No amount of bitching about Doug Ford’s rent control will change the truth that if you are 22 and want to move out of your parents’ house you will pay significantly more for your first place (or first post-Uni space) than you would have in 2015. Should we vote out every NIMBY councilor in the country too, and defeat Doug Ford? Obviously. But denying that federal decisions have raised the cost of housing is as much disinformation as what Angus Reid posted.
It is comforting to blame what the Liberals are going through to the fault of algorithms and misinformation and lies, but it’s not. Does Poilievre lie? Yes, but so does every politician. It’s not “both-sides” to point out that Justin Trudeau has routinely played fast and loose with the truth, going back to his years long claim that Canadian workers hadn’t gotten a raise in 30 years that was A) false at literally any other timescale when he started saying it and B) not even true by the 2015 election, when he kept saying it. It’s not bad faith hackery to point out that the people who defend Mr. “The story in the Globe is false” and “2015 will be the last election under First Past The Post” are not exactly committed allies to the cause of truth and accuracy. It’s fucking reality.
You know when else the Conservatives lied about the carbon tax? In 2019. You know who owned the National Post and the Citizen and the Gazette and the Province then? Postmedia. And yet, then the country was on board with carbon pricing and the broad Liberal agenda. Now it’s not. It’s not all propaganda and disinformation. It’s economic realities.
The polls aren’t wrong. There isn’t a bias. The reason to condemn Angus Reid’s tweet isn’t that it is proof of some grand conspiracy or because it shows a biased industry, the reason to condemn it is it’s contemptible. There’s no conspiracy, there’s no tangible pattern, there’s just a government about to destroy its legacy and kill all its successes by refusing to change course. That's the story we should be paying attention to, and trying to pressure the government to fix. If you find it more satisfying to dunk on the contemptible than to try and fix the structural problems the Liberals face, then you’re more committed to a good time than to fighting for progressive values. And that’s fine! Just don’t pretend you’re doing something you’re not.

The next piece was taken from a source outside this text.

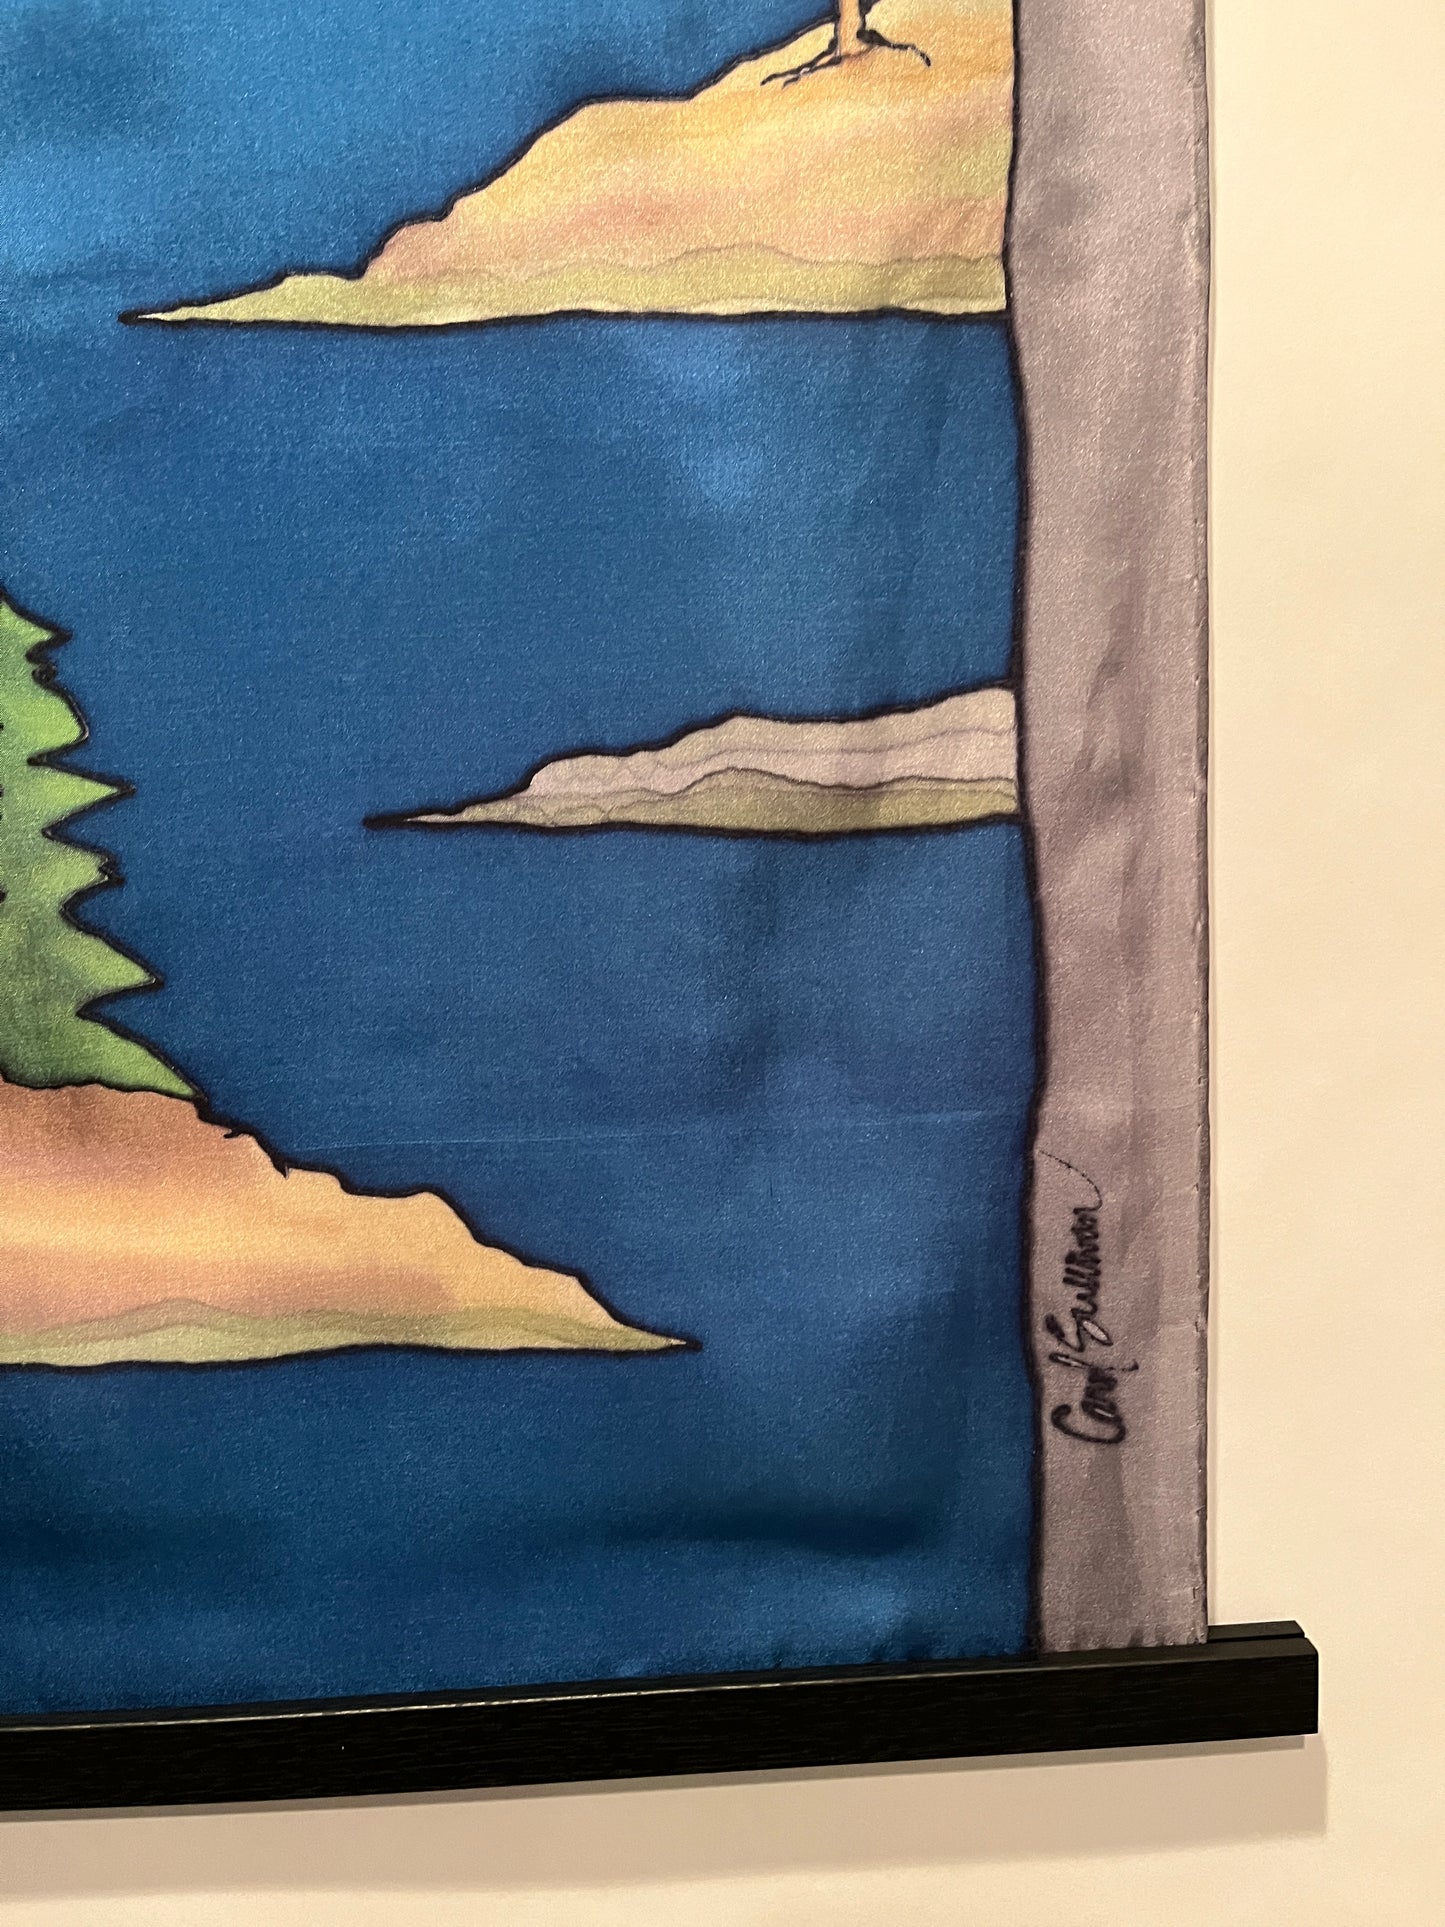 “Maine Coastal Scene v2” - Hand-dyed Silk Wall Hanging  - $175

I disagree about the bias in polling but not towards or away from one political party or another. I think the polls are more of a measure of where respondents get their information than how they would vote if there was an election today. People like to consider themselves part of a community and when their media of choice (mm, sm) keep telling them that someone one is hated, that's how they respond when asked. Unless and until the results are analysed statistically for media bias polling will continue to "get it wrong". Polls are a measure of media effectiveness and spread rather than of voter intention or voter like/dislike.
I was wondering if you would write about this one. On Twitter you made the comparison with Frank Graves. I think this comparison is quite wrong. Frank Graves has been clear about his personal preferences, but I have never seen him spread lies or disinformation to further his personal beliefs.
Angus Reid is less clear about his personal preferences, but as it turns out he quite willing to knowingly spread lies to damage Trudeau. And when he is called out, he offers a non-apology and basically doubles down on his lies. I think there is a significant difference and the remaining credibilities of the two pollsters are not even close.
Now, does that mean that there is a country wide conspiracy to skew the polls? No, but at the same time there is no reason to take anything that comes from Angus Reid seriously as he demonstrated that he is willing to lie knowingly to achieve his personal preferences.